**DATA PROVIDED**
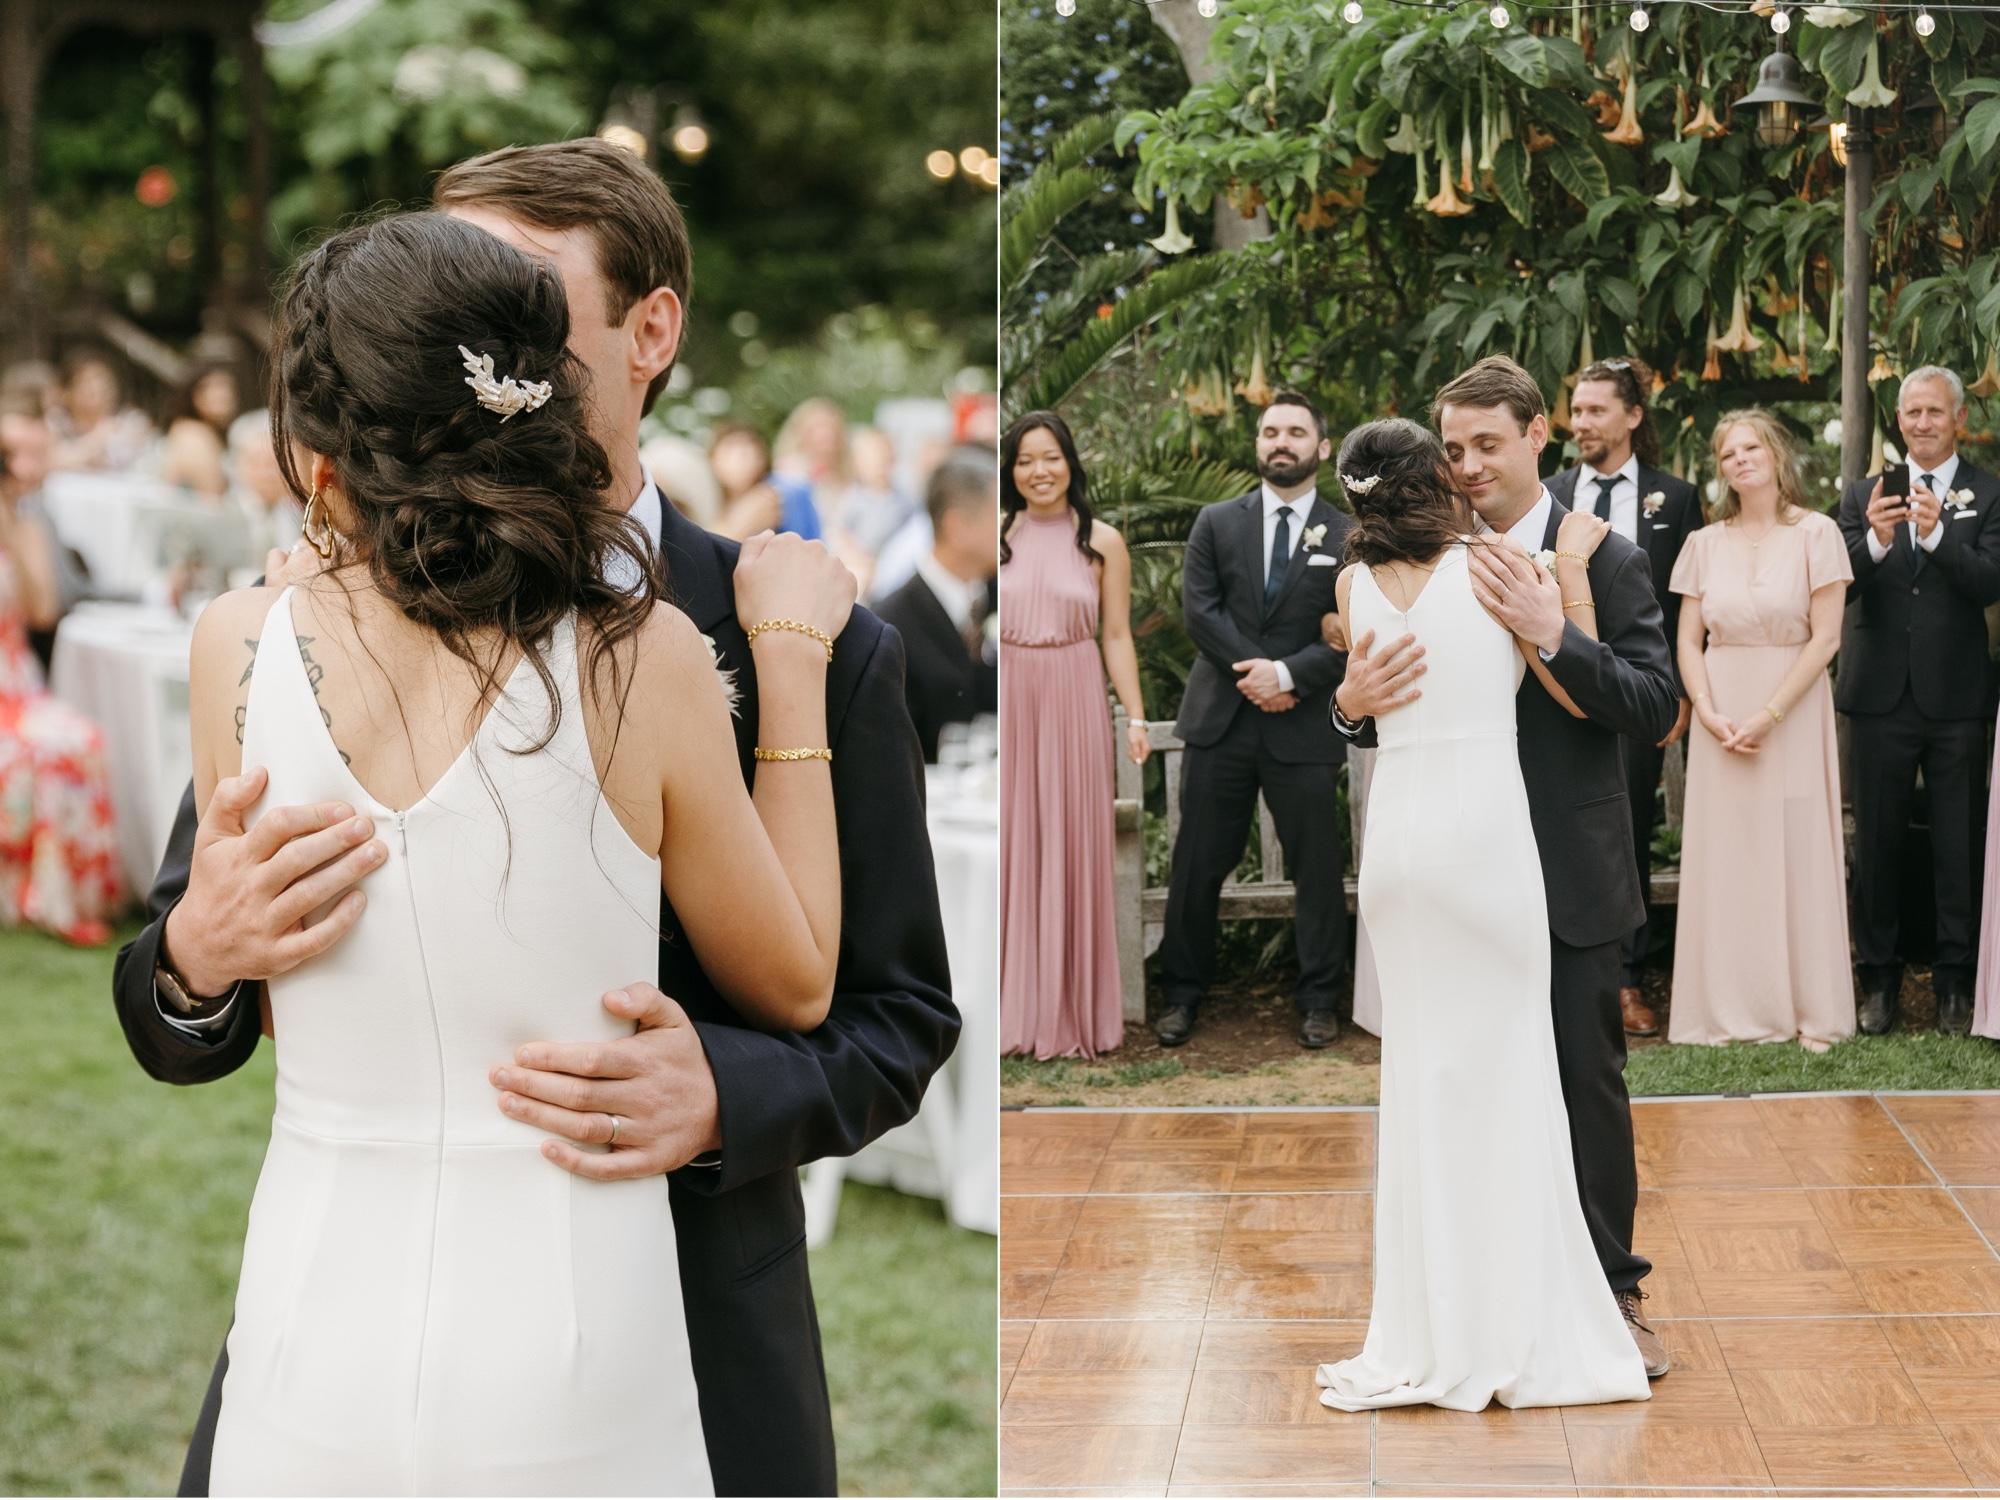 064_Shawna and Steve's Wedding-411_Shawna and Steve's Wedding-417.jpg
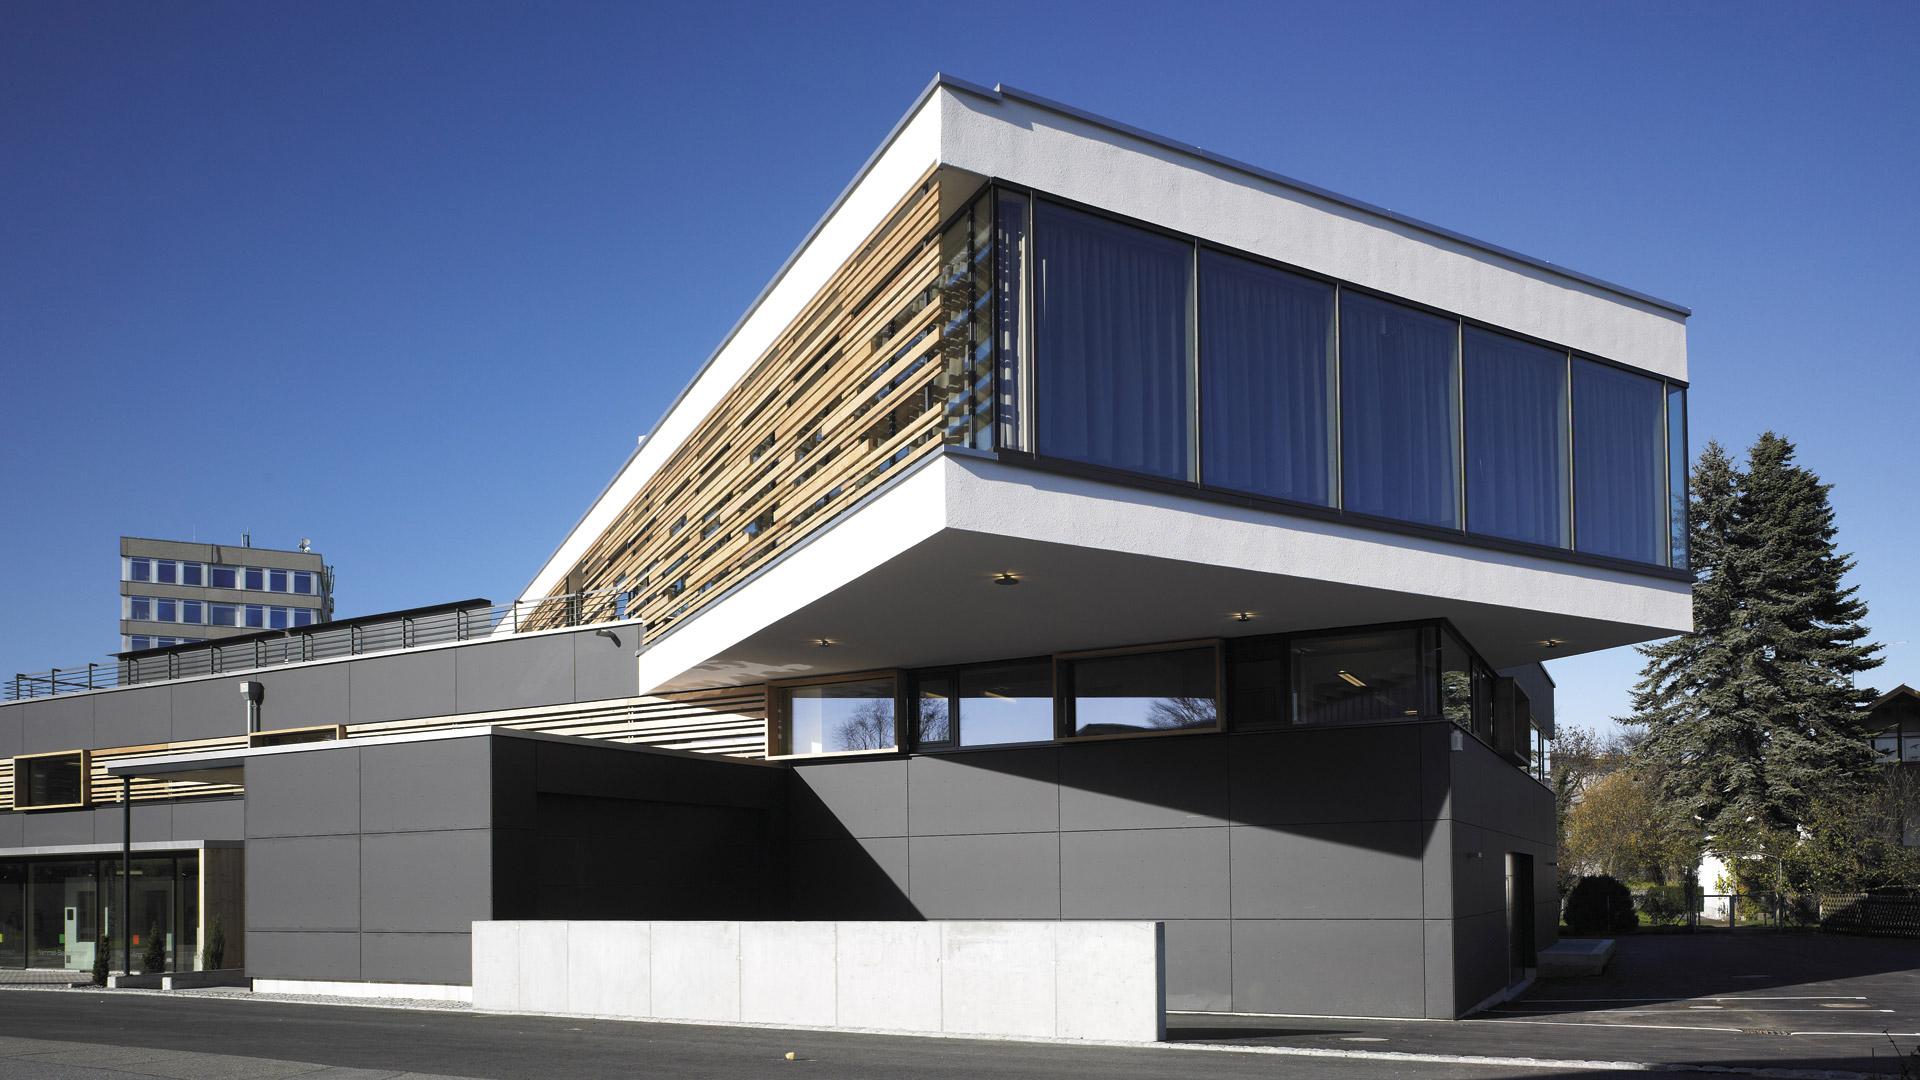 Slider werkhaus anbau for Raumgestaltung rosenheim
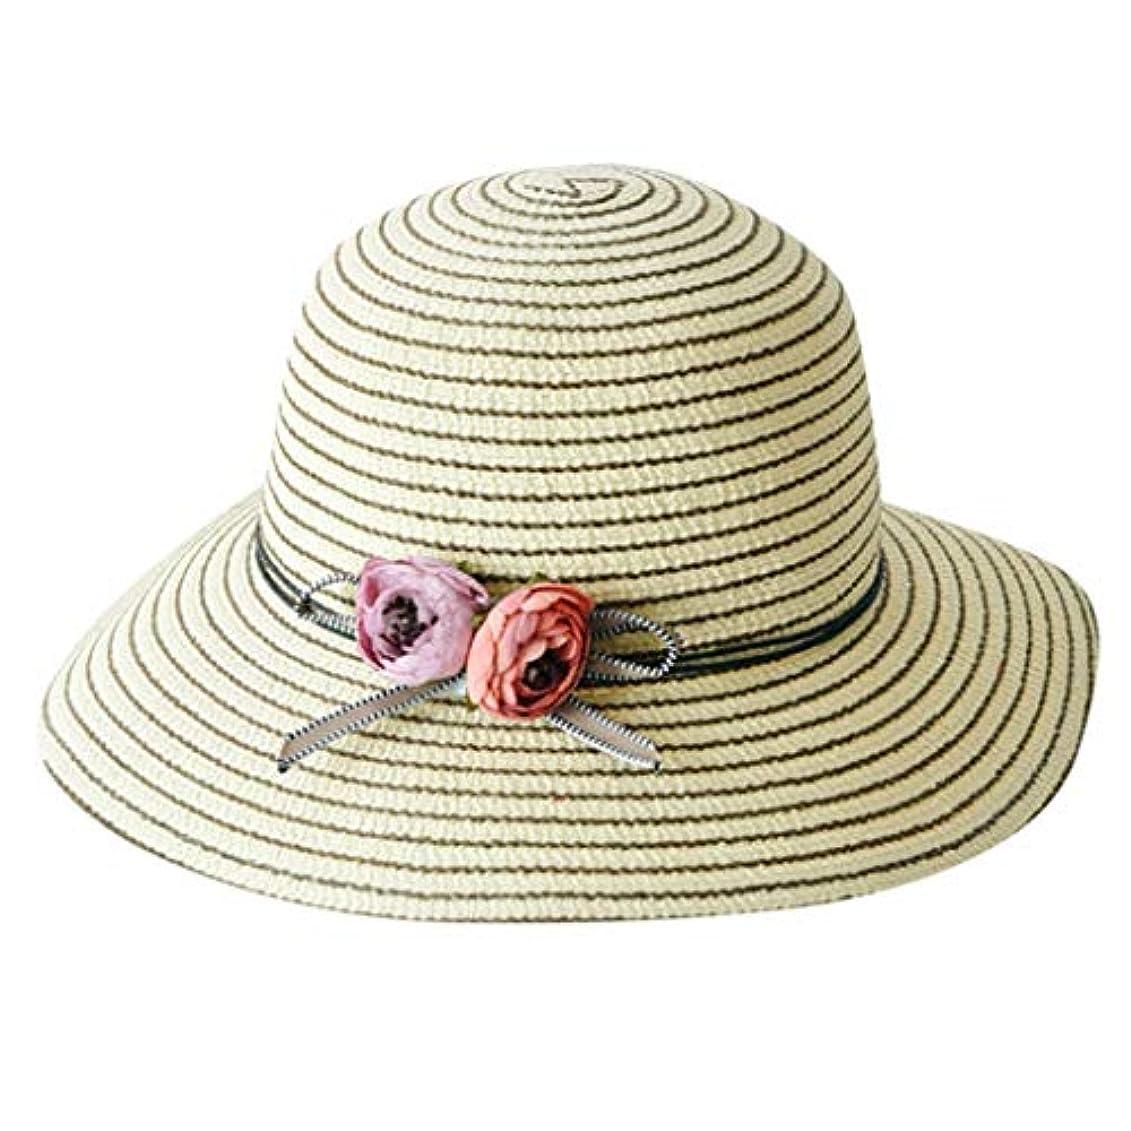 刈るトランジスタパリティ帽子 レディース 漁師帽 夏 UVカット 帽子 綿糸 ハット レディース 紫外線100%カット UV ハット 可愛い 小顔効果抜群 日よけ 折りたたみ つば広 小顔効果抜群 折りたたみ 海 旅行 ROSE ROMAN

**INSTRUCTIONS TO FOLLOW**
Repeat each line of the material exactly, and drop any image it carries.

**TASK RESPONSE**
 064_Shawna and Steve's Wedding-411_Shawna and Steve's Wedding-417.jpg
 Slider werkhaus anbau for Raumgestaltung rosenheim
 刈るトランジスタパリティ帽子 レディース 漁師帽 夏 UVカット 帽子 綿糸 ハット レディース 紫外線100%カット UV ハット 可愛い 小顔効果抜群 日よけ 折りたたみ つば広 小顔効果抜群 折りたたみ 海 旅行 ROSE ROMAN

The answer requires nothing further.